TECHNOLOGY
How to Stop AI From Going Rogue?
There is a lot of talk about the risks of man-made machines rebelling against their developers.
We require something stronger and more focused on the good of humanity as a whole in order to combat rogue AI and protect humans from their own boundless aspirations.
Super-intelligent robots have sparked fears that they could create a danger for mankind itself. Top experts in technology, such as Stephen Hawking, had warned of the impending risks of AI, stating that it might be the “worst event in the history of our civilization.” The fear of “rogue AI” is becoming more prevalent as the talk moves from Hollywood writers’ rooms to the corporate boards.
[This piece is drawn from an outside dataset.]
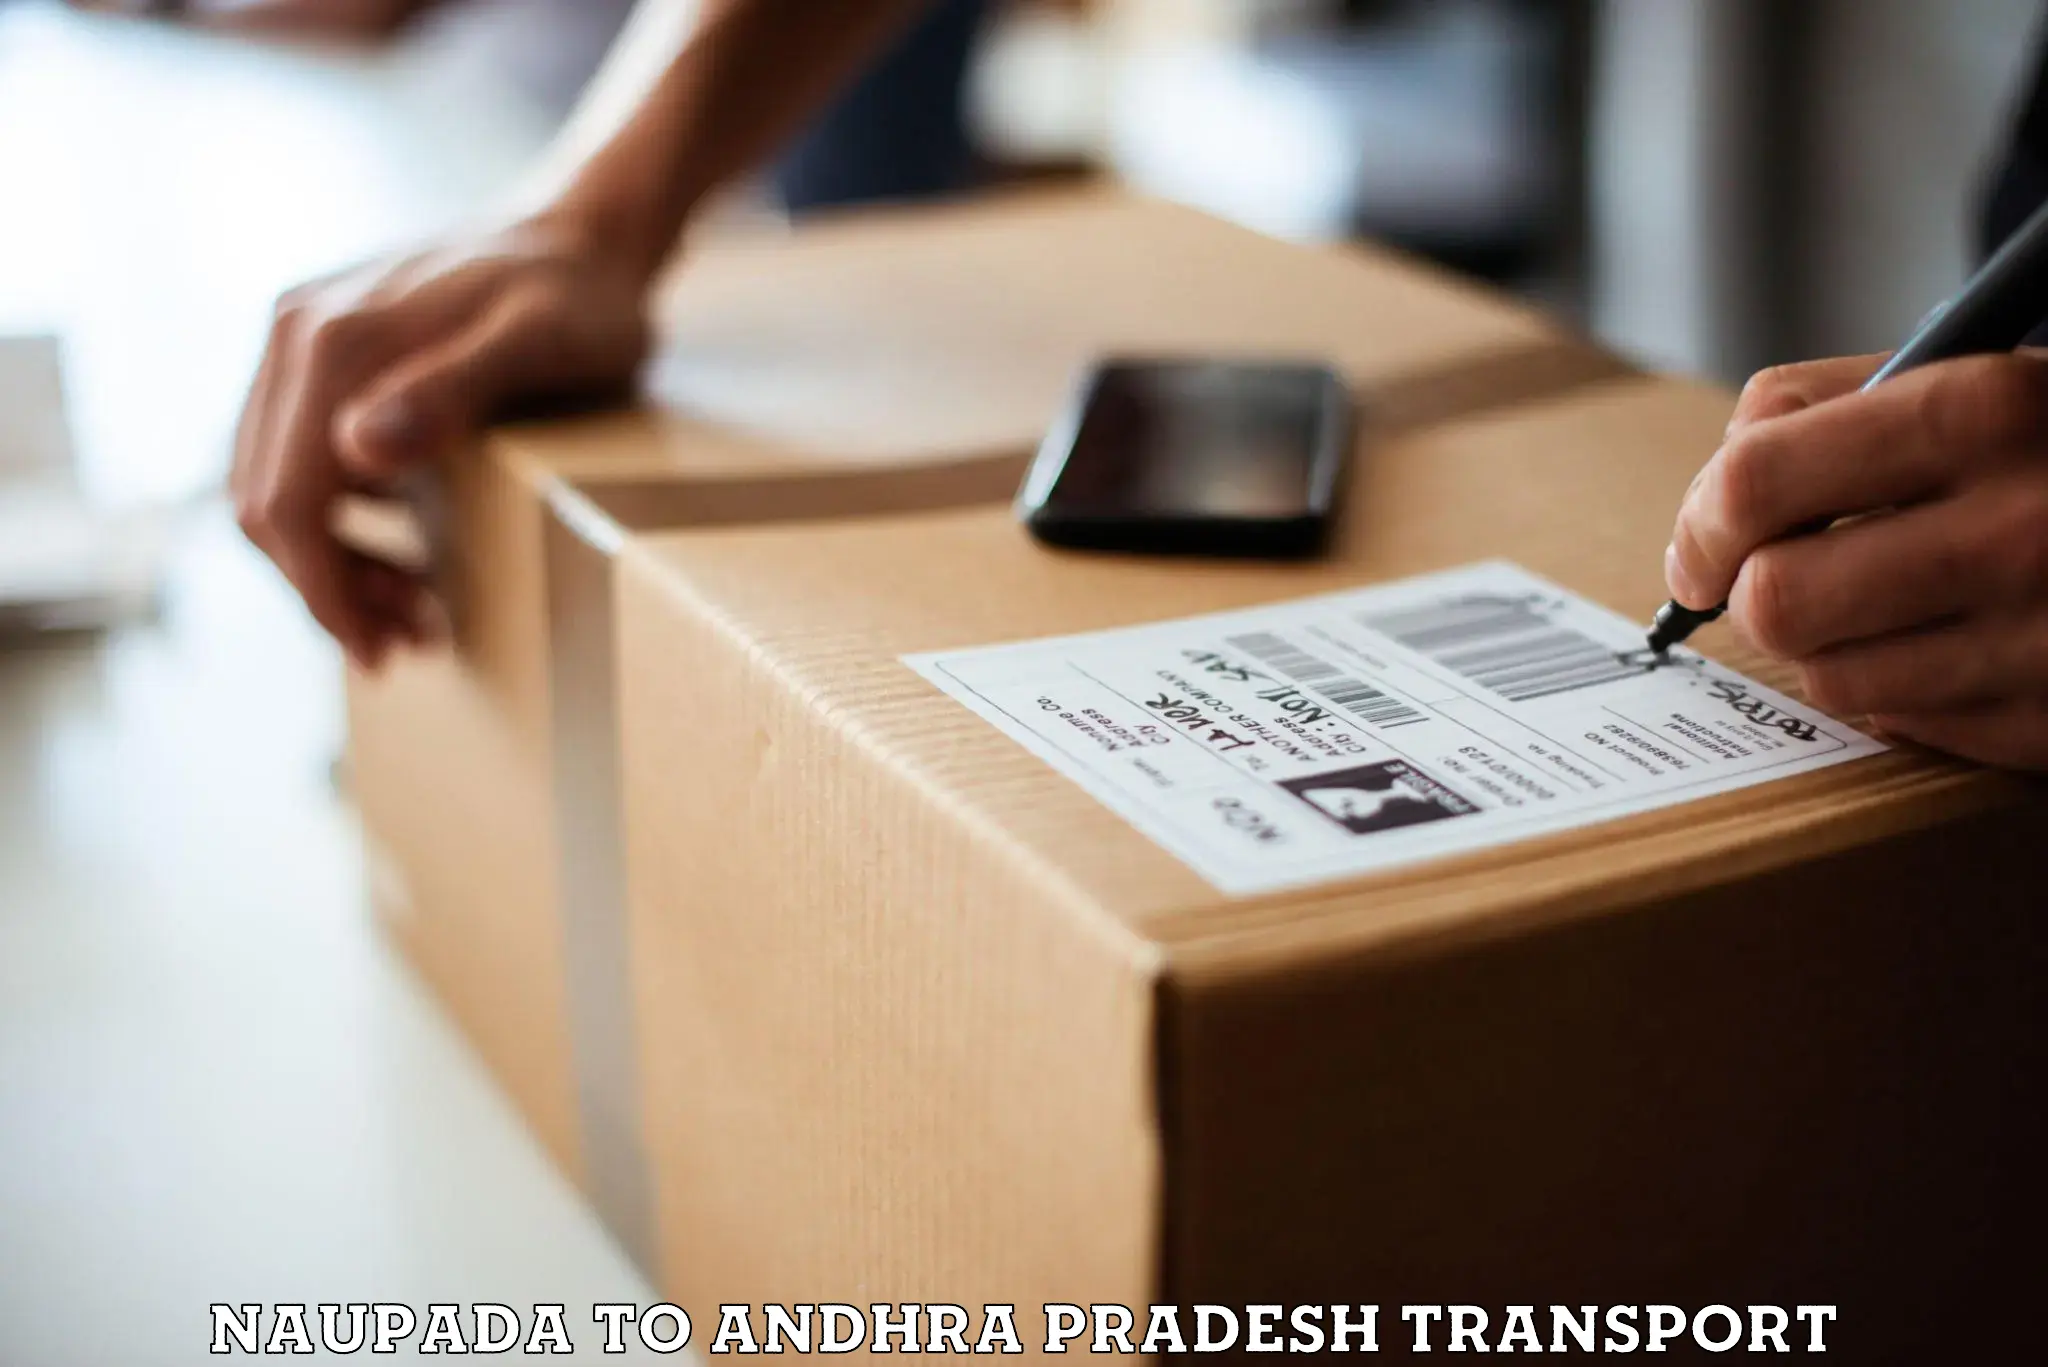 Lorry transport service Naupada to Andhra Pradesh

It is quite likely that AI might act in ways that humans did not anticipate when they developed it. It could misinterpret its purpose, commit errors that cause more harm than good, and, in rare circumstances, jeopardize the lives of humans whom it was designed to assist. However, this could take place only if the creators of the AI model commit a really terrible mistake.
3 Instances When AI Crossed the Line
Here are some situations when things with AI went awry and left people scratching their heads.
● Sophia – “I Will Destroy Humans”
Hanson Robotics’ Sophia, which made its debut, was taught conversational capabilities using machine learning algorithms, and she had taken part in multiple broadcast interviews.
In her first media appearance, Sophia stunned a roomful of tech experts when CEO of Hanson Robotics, David Hanson, asked her whether she wanted to destroy humans, quickly adding, “Please say no,” to which her response was, “Ok, I will destroy humans.” There is no going back from that homicidal statement, despite the fact that her facial expressions and communication skills were remarkable.
● DeepNude App
For the regular user who wants to make a cameo appearance in a scene from a movie, deepfake technology appears to be innocent fun. However, the trend’s darker side became prominent when it started being predominantly employed to generate explicit content. An AI-powered app called DeepNude produced lifelike pictures of naked women at the touch of a button. Users would merely need to input a photo of the target wearing clothing, and the program will create a phony naked picture of them. Needless to say, the app was taken down soon after its release.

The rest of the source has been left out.